### Records for this task

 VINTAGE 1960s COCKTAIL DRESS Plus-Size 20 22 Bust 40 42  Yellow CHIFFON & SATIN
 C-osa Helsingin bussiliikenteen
---
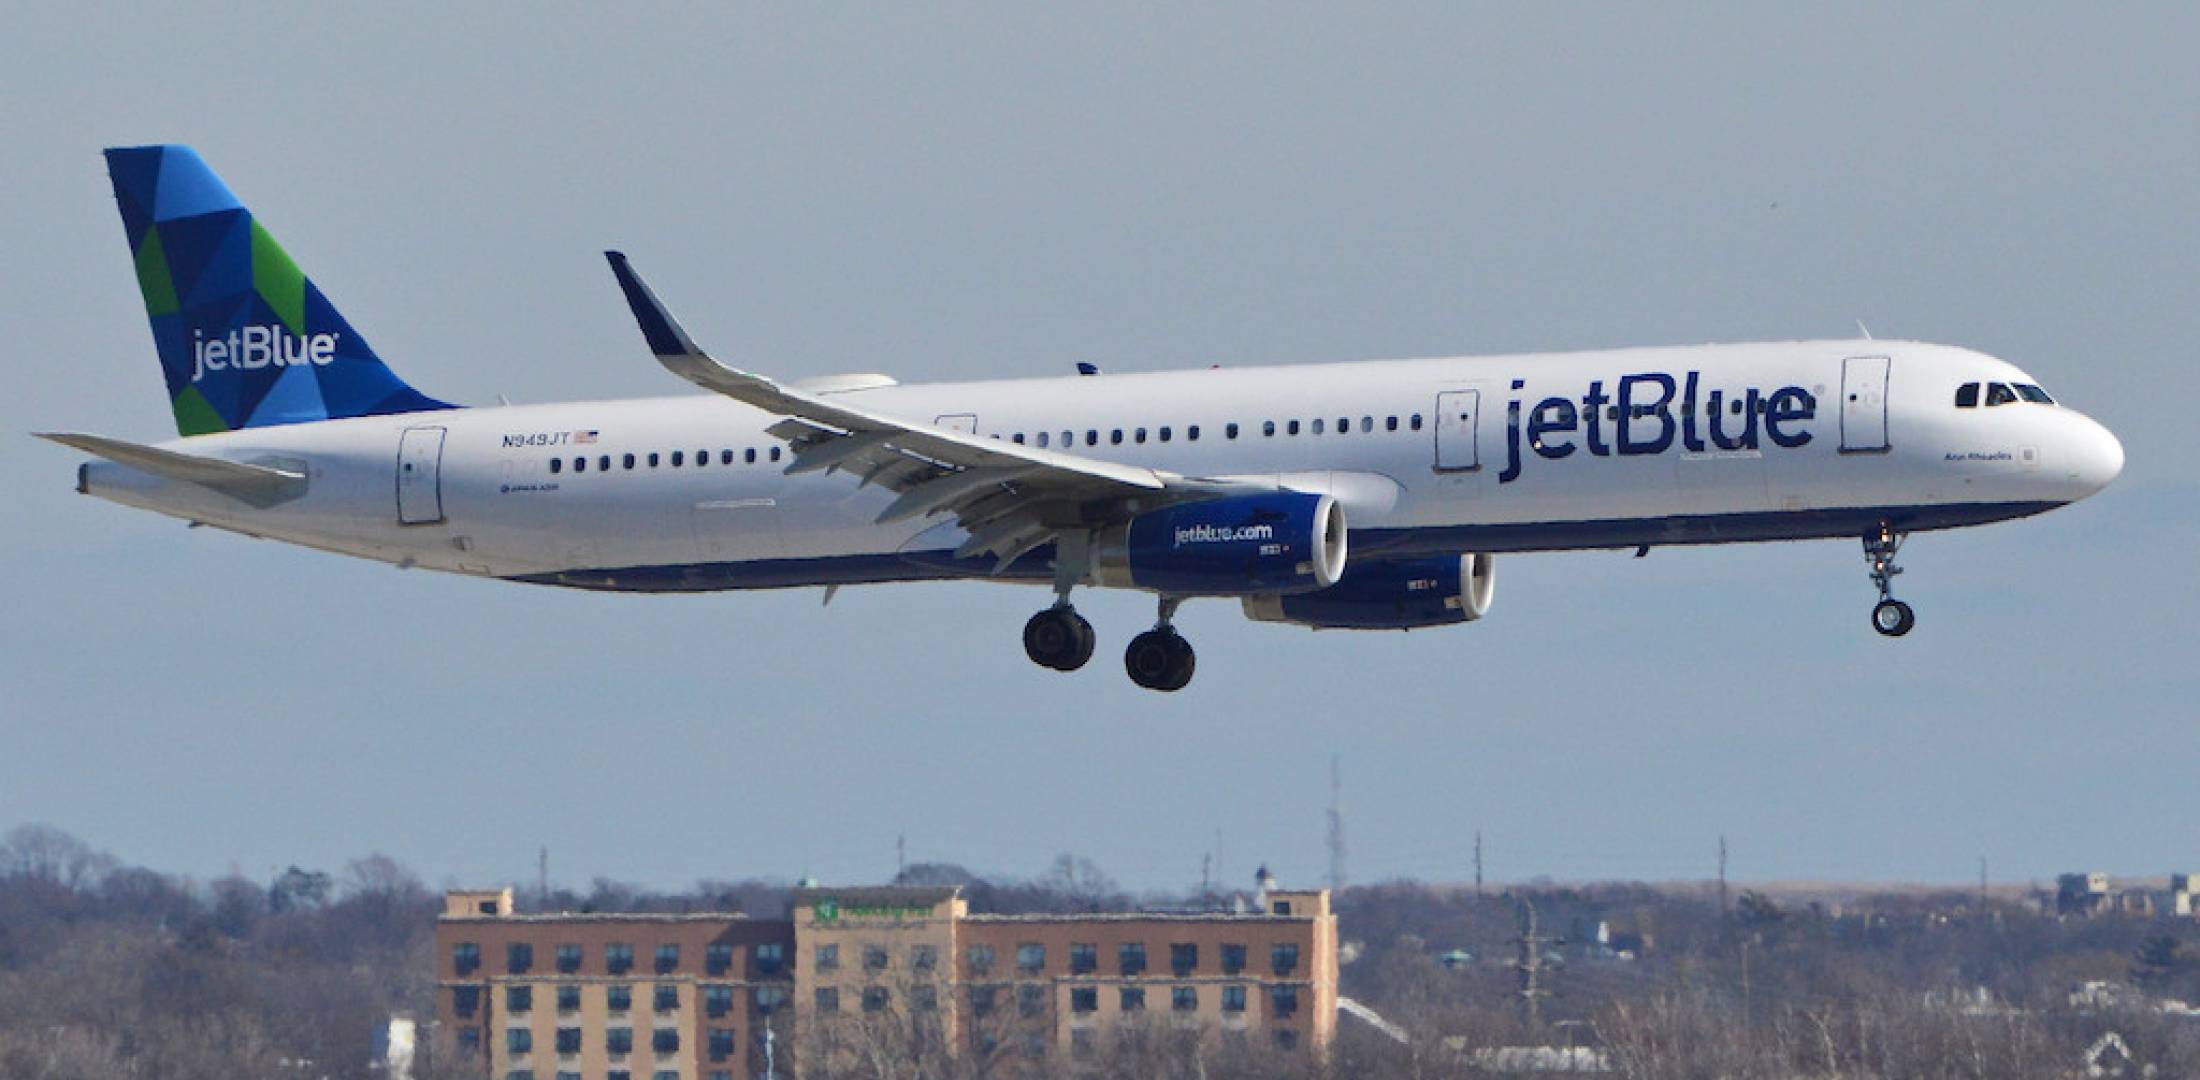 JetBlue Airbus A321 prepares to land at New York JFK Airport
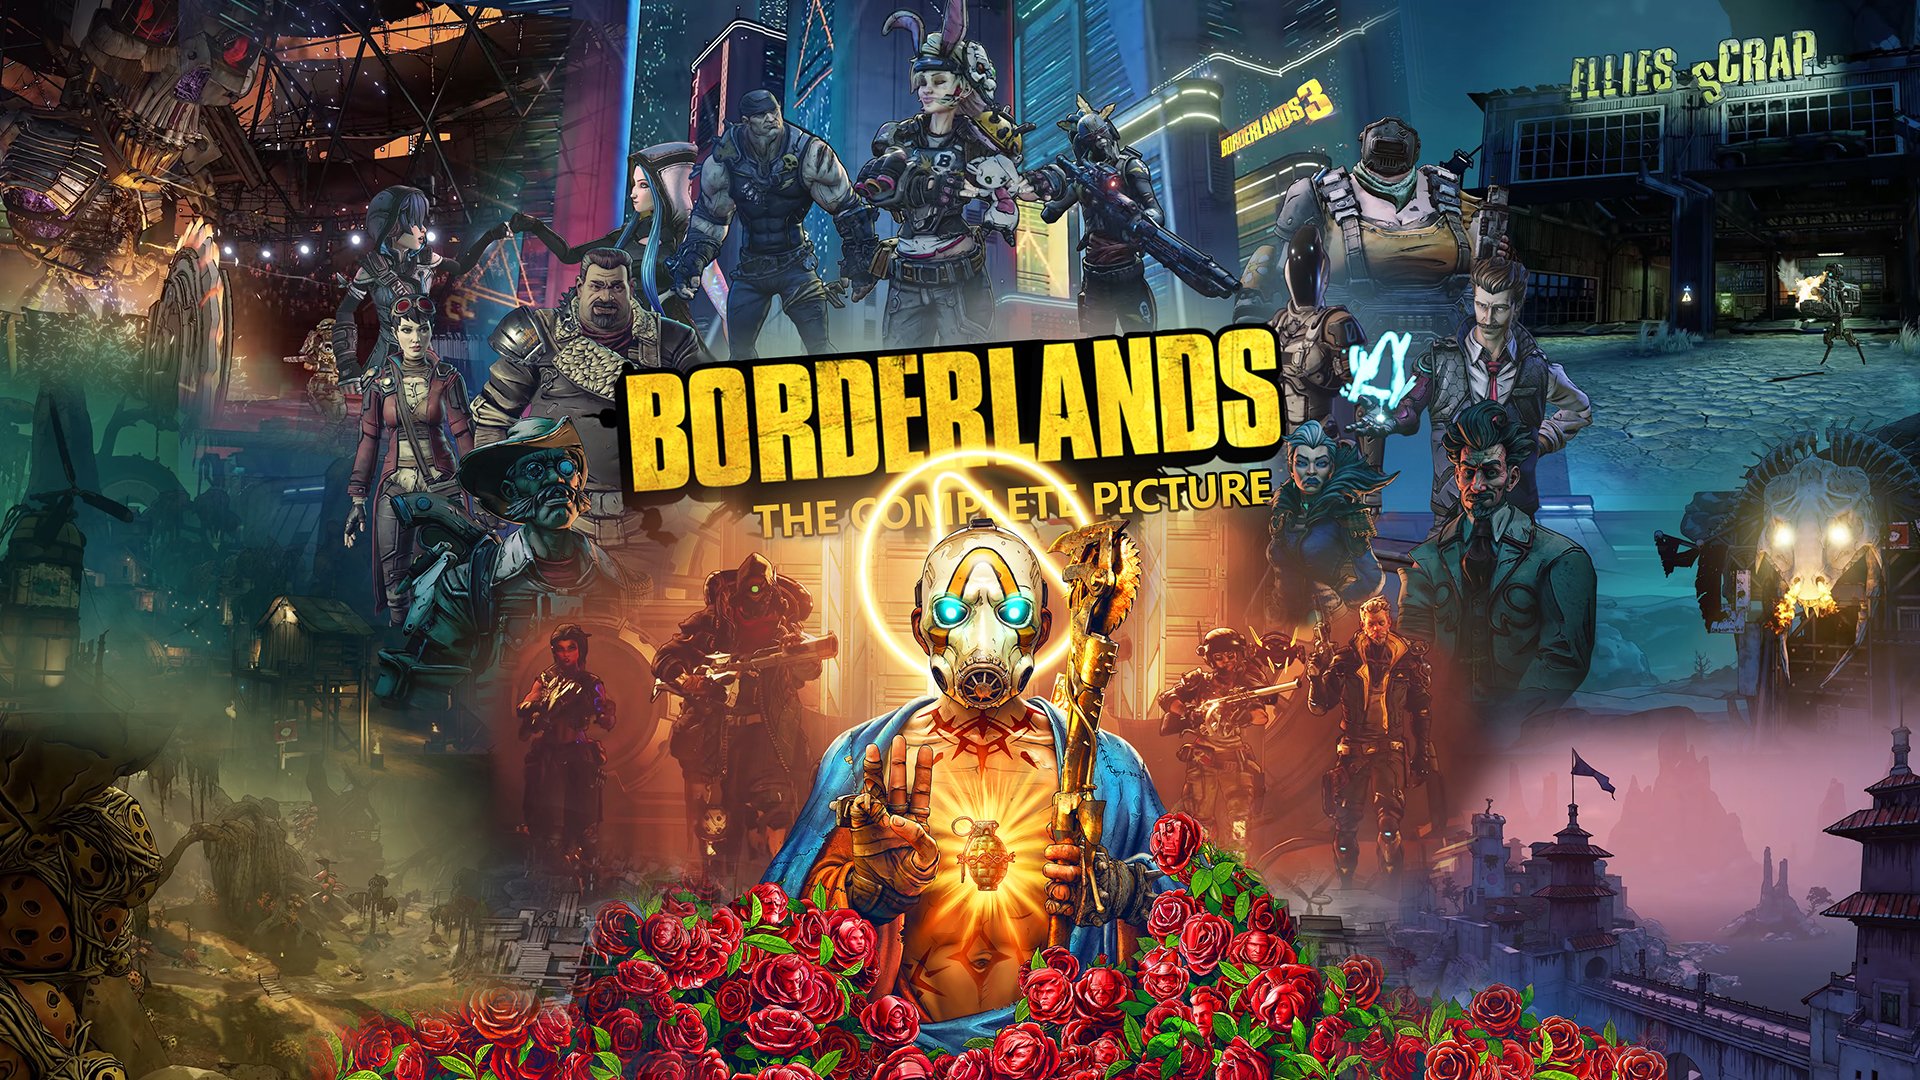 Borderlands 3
* * *
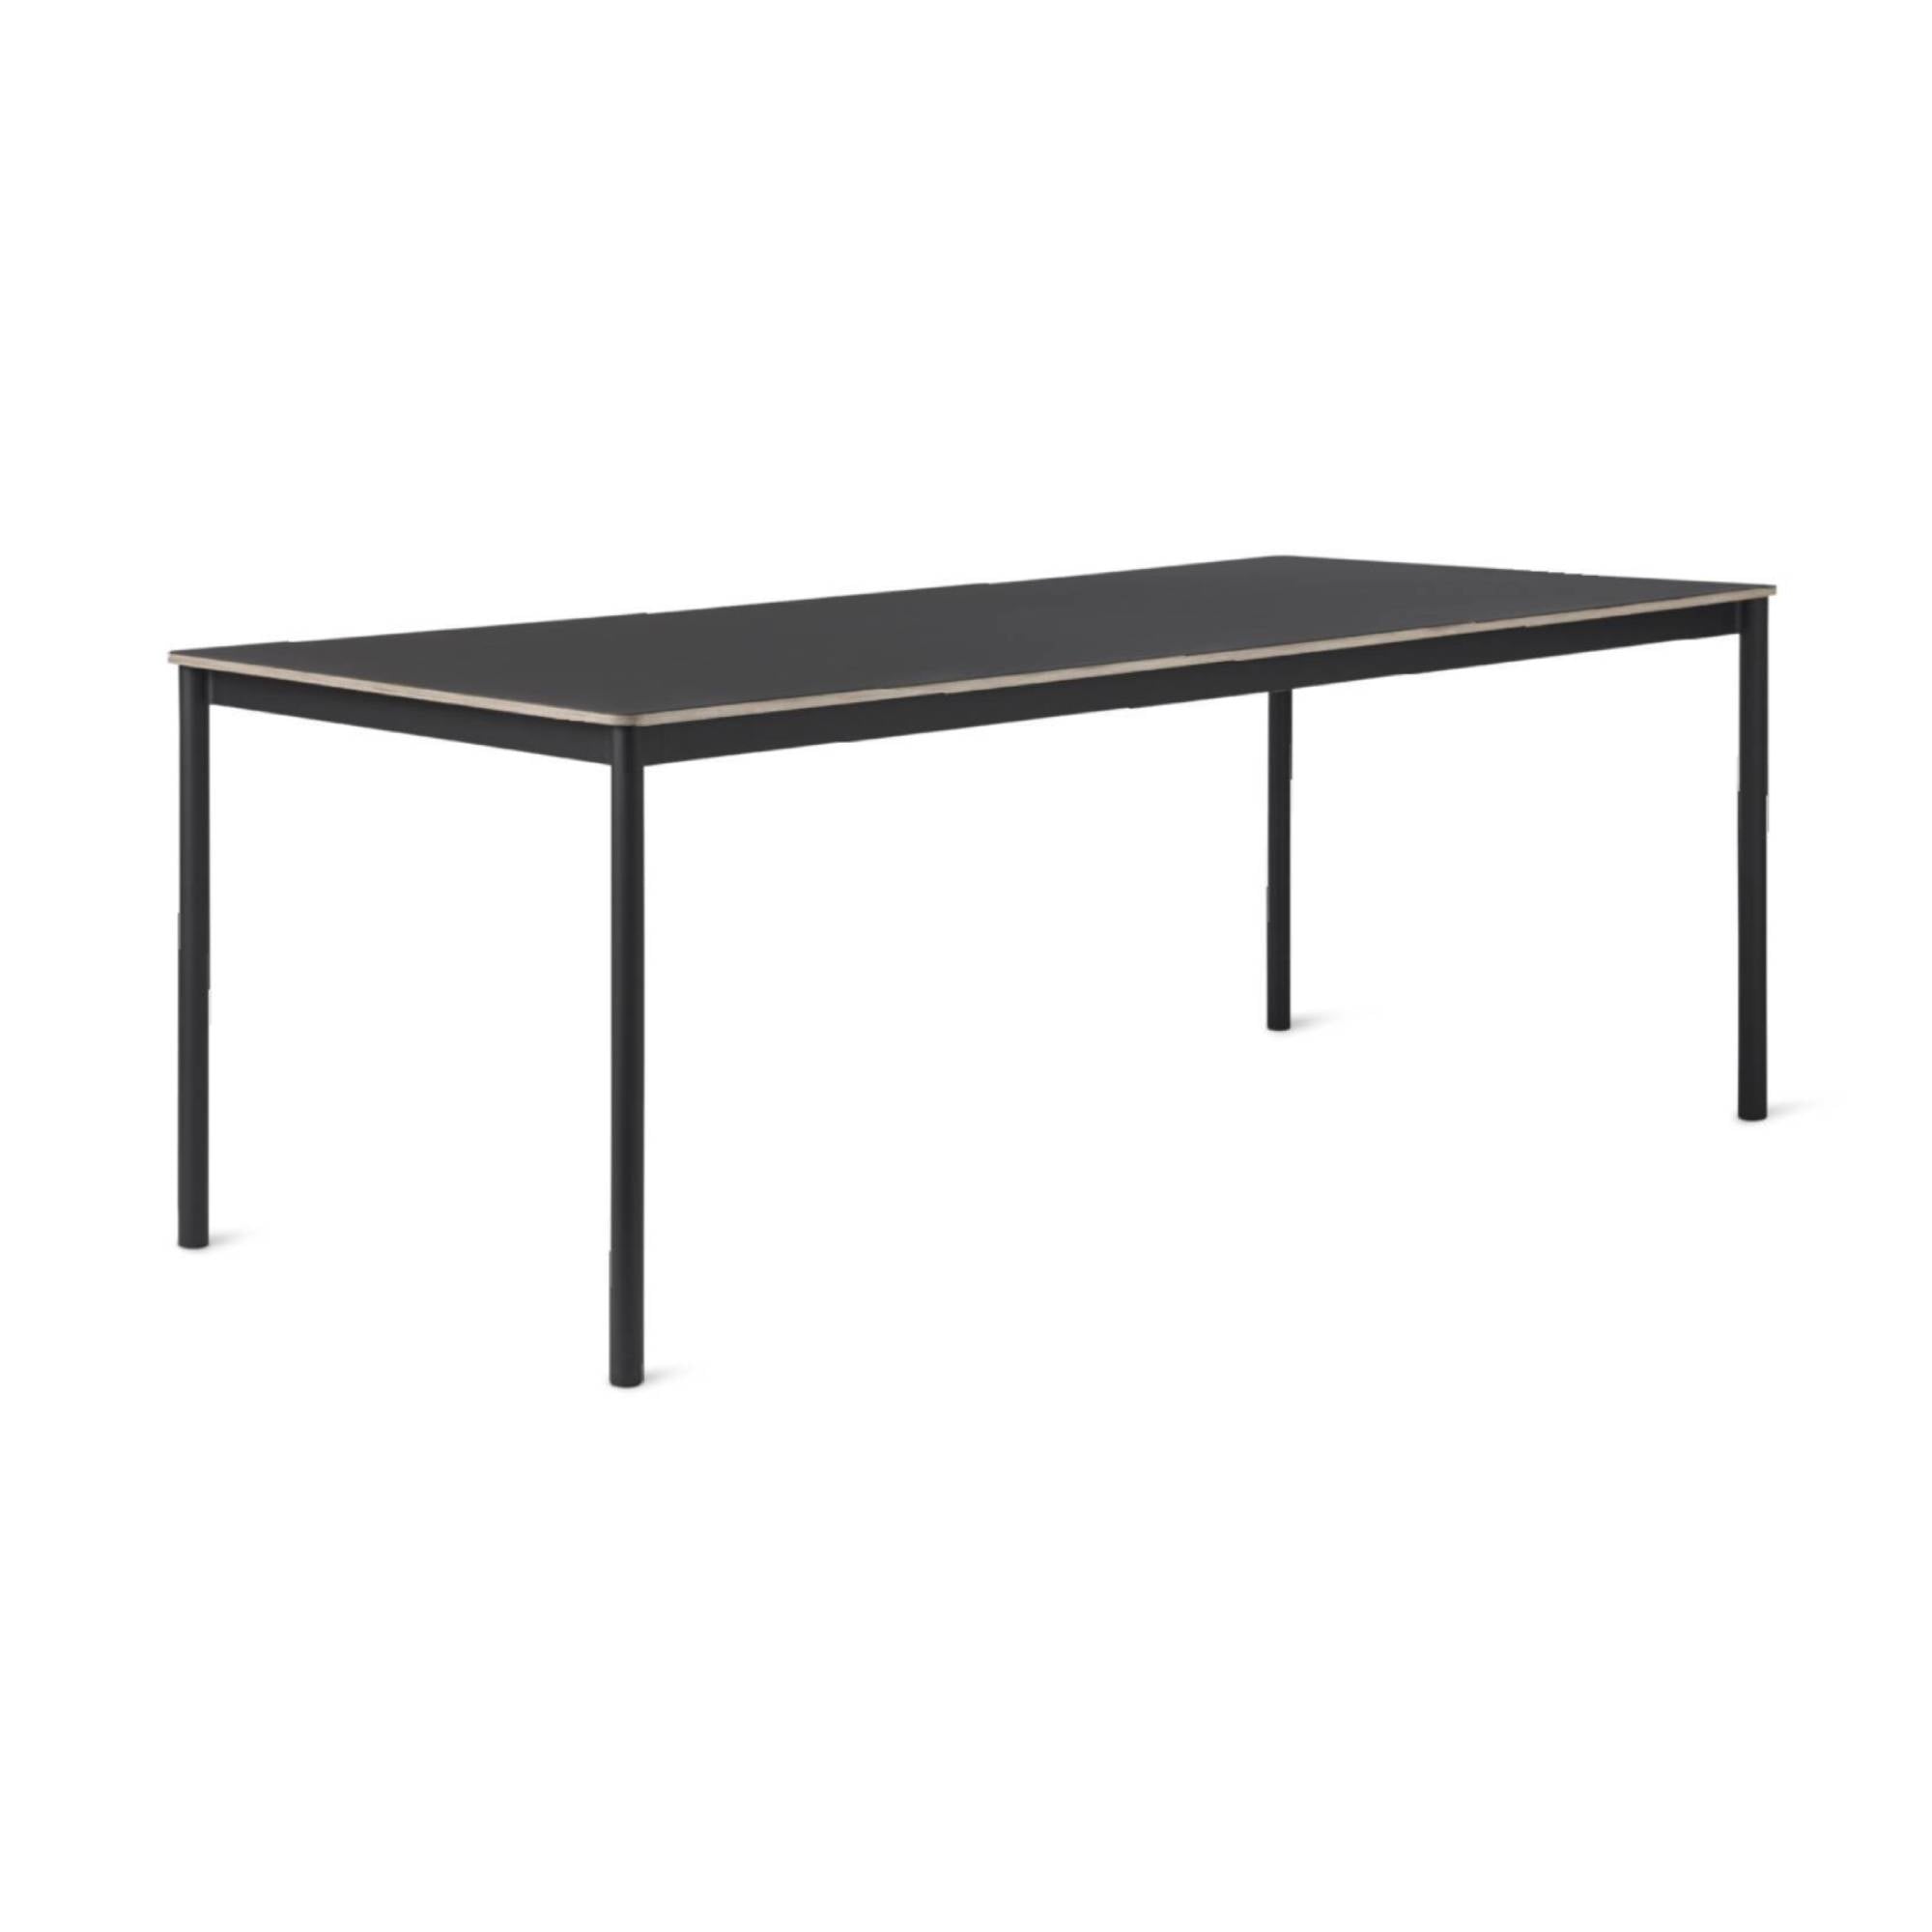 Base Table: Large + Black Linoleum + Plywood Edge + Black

### Exercise goal
Copy the lines above exactly, beginning at the line that has "VINTAGE 1960s COCKTAIL" and stopping after the line that has "C-osa Helsingin bussiliikenteen", and omit the rest.

### Written answer
 VINTAGE 1960s COCKTAIL DRESS Plus-Size 20 22 Bust 40 42  Yellow CHIFFON & SATIN
 C-osa Helsingin bussiliikenteen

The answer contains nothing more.